Explanations to the article on Copy-Paste

Andrey Karpov
Articles: 375



Many readers liked my article "Consequences of using the Copy-Paste method in C++ programming and how to deal with it" [1]. Scott Meyers [2] noticed it too and asked me how static analysis proper helped us to detect the errors described in the article. This is his letter:

Your article on copy-paste of code fragments at http://www.viva64.com/en/a/0068/ was interesting, but it's not clear how most of the errors you use as examples could be detected by static analysis. The only one I see that looks like a good candidate for static analysis is the assignment of too many elements to invModulate. How could static analysis detect the others?

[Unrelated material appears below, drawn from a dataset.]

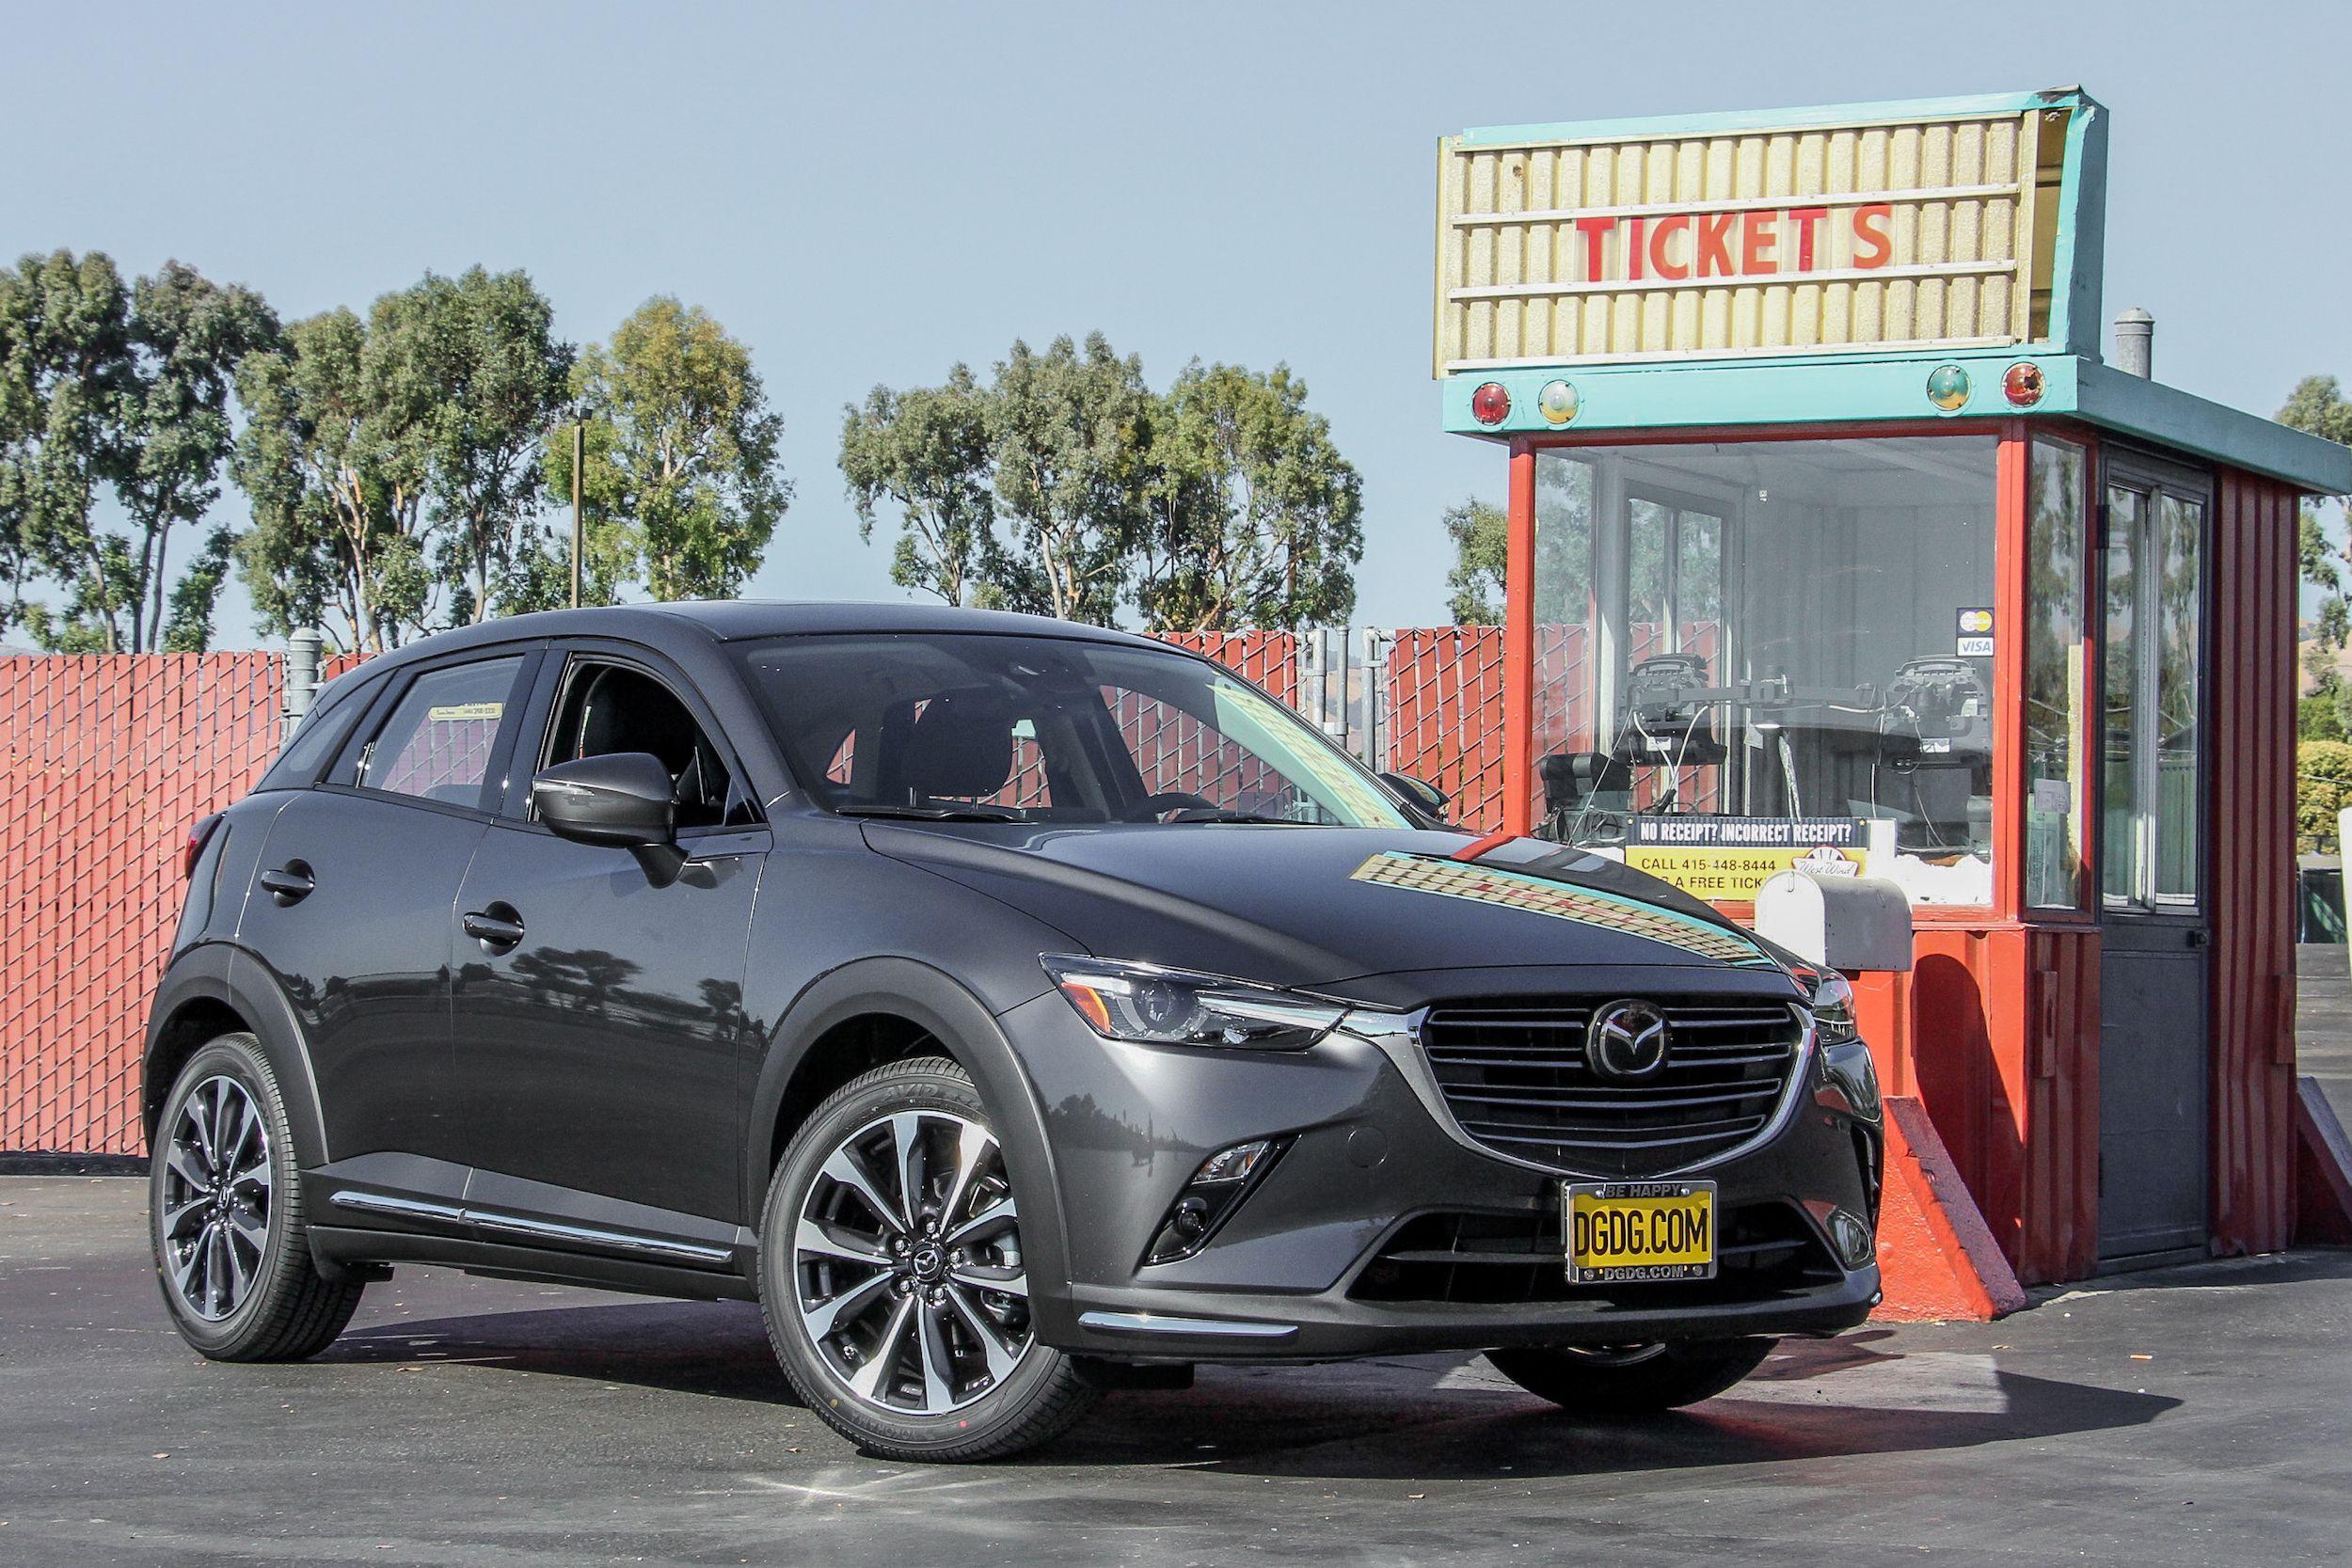 48 Oak Tree Mazda Ideas In 2021 Mazda San Francisco Bay Area New And Used Cars

I wrote an answer to the letter and then decided to arrange it as a blog-post. Perhaps other readers will also find it interesting to know how the described errors were found.

This is my answer:

I have found all the samples of errors given in the article on "Copy-Paste" while investigating codes of projects using the PVS-Studio analyzer. Each error was detected by a certain diagnostic rule.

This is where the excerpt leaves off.